WHAT YOU WILL DO: Output each line of the listing exactly, though pictures are not to appear.

GIVEN INFORMATION section start

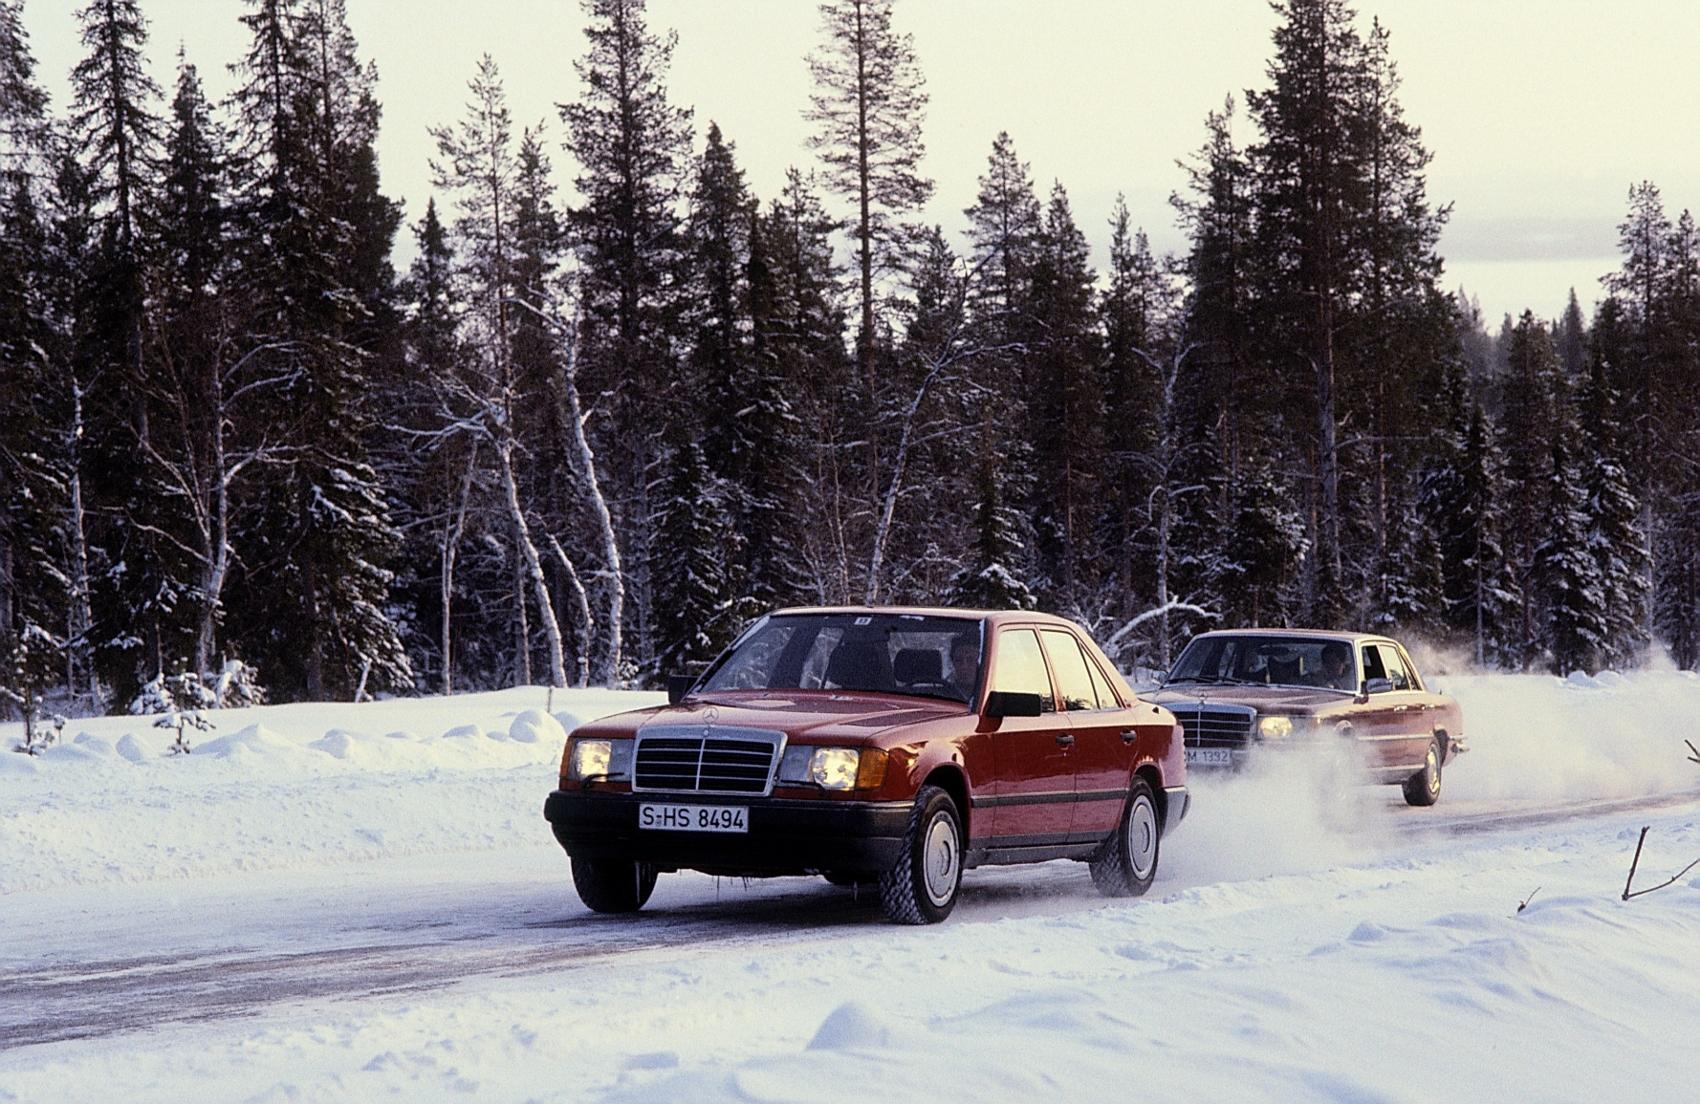 Návrat na autosalón IAA 1985: Mercedes predstavil nové systémy ASD, ASR a 4MATIC Q1jwiQWZ4M 85f462-1
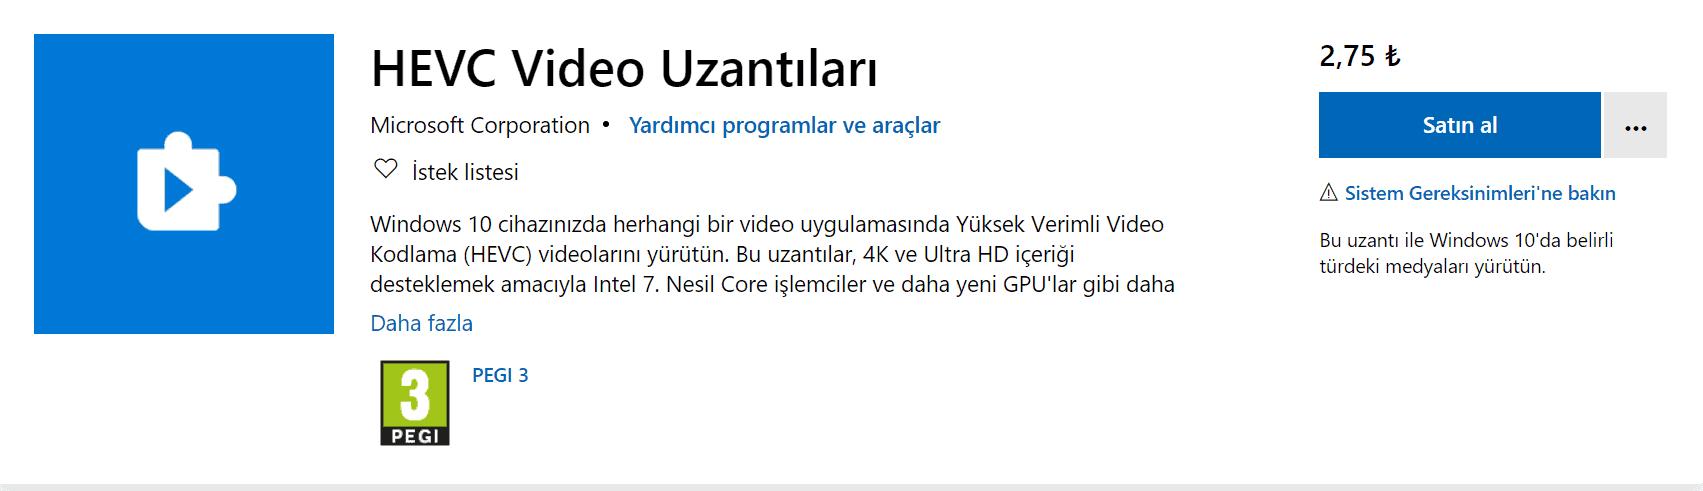 hevc video uzantıları
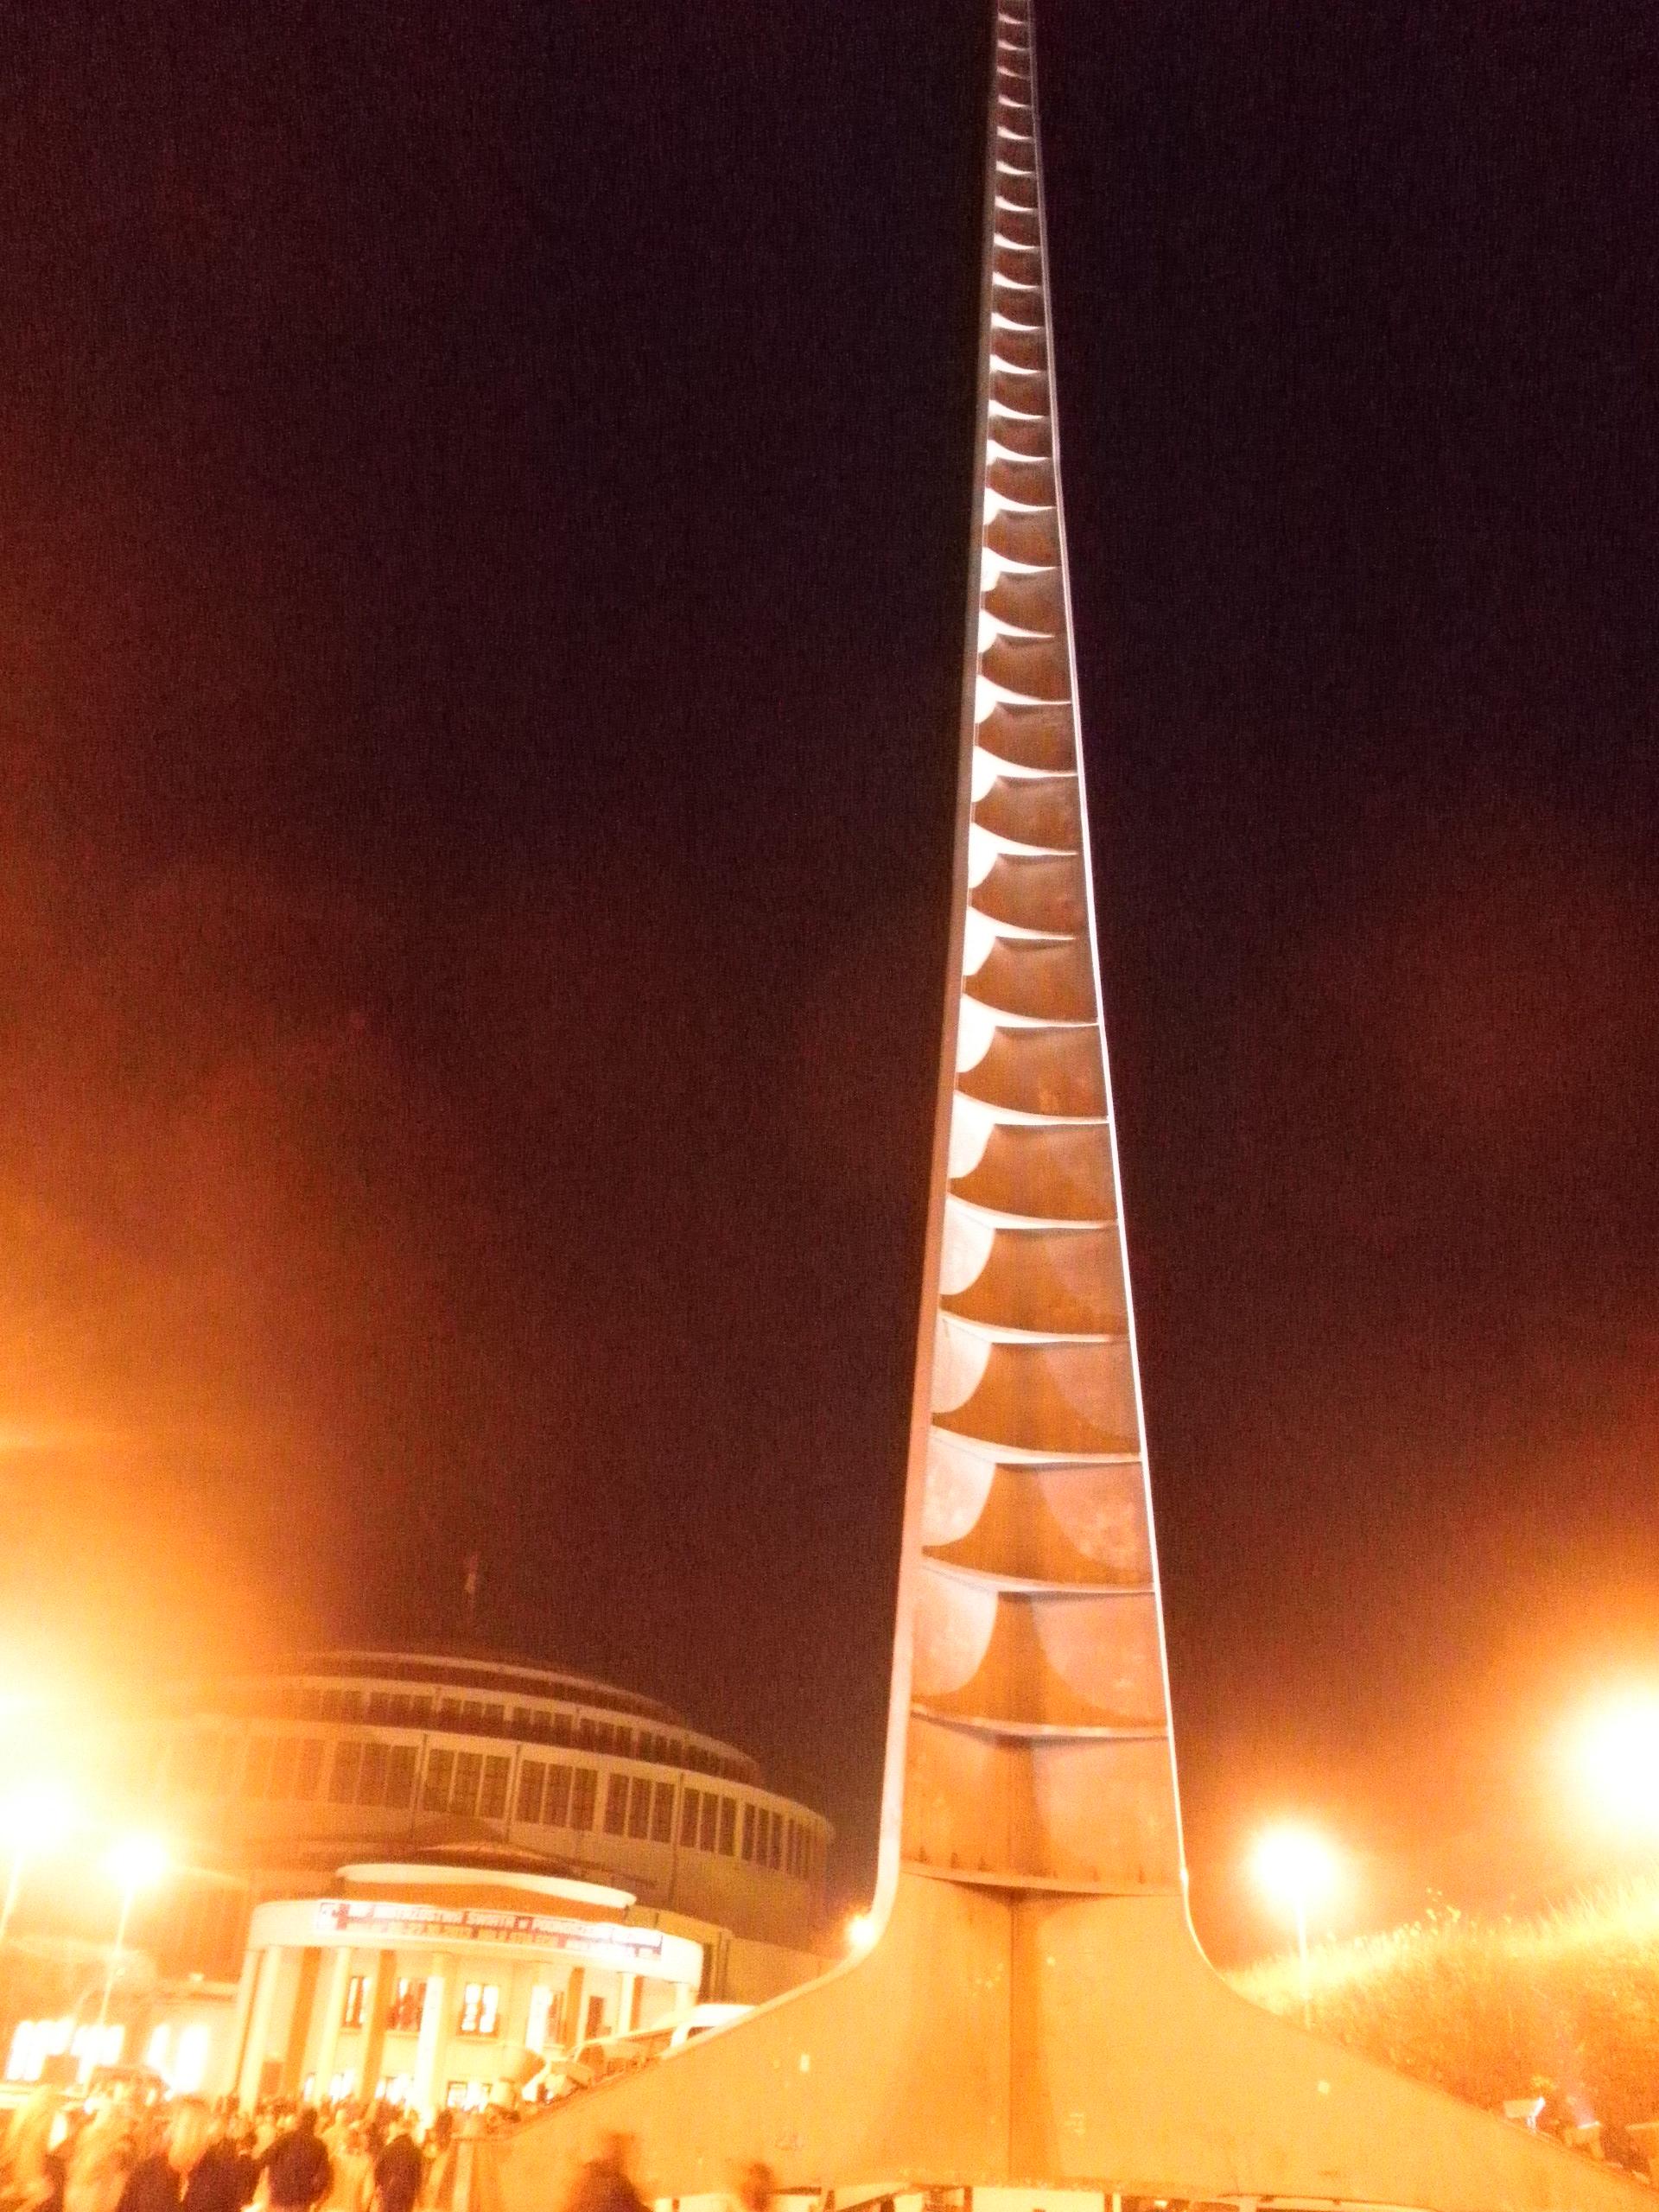 Polsko - Vratislav (Wroclaw), Iglica (Spirála), 1948 u příležitosti Výstavy znovuzískaných zemí, architekt S.Hempel, 96 m, od 2006 památka UNESCO

GIVEN INFORMATION section end

SOLUTION TO THIS TASK:
 Návrat na autosalón IAA 1985: Mercedes predstavil nové systémy ASD, ASR a 4MATIC Q1jwiQWZ4M 85f462-1
 hevc video uzantıları
 Polsko - Vratislav (Wroclaw), Iglica (Spirála), 1948 u příležitosti Výstavy znovuzískaných zemí, architekt S.Hempel, 96 m, od 2006 památka UNESCO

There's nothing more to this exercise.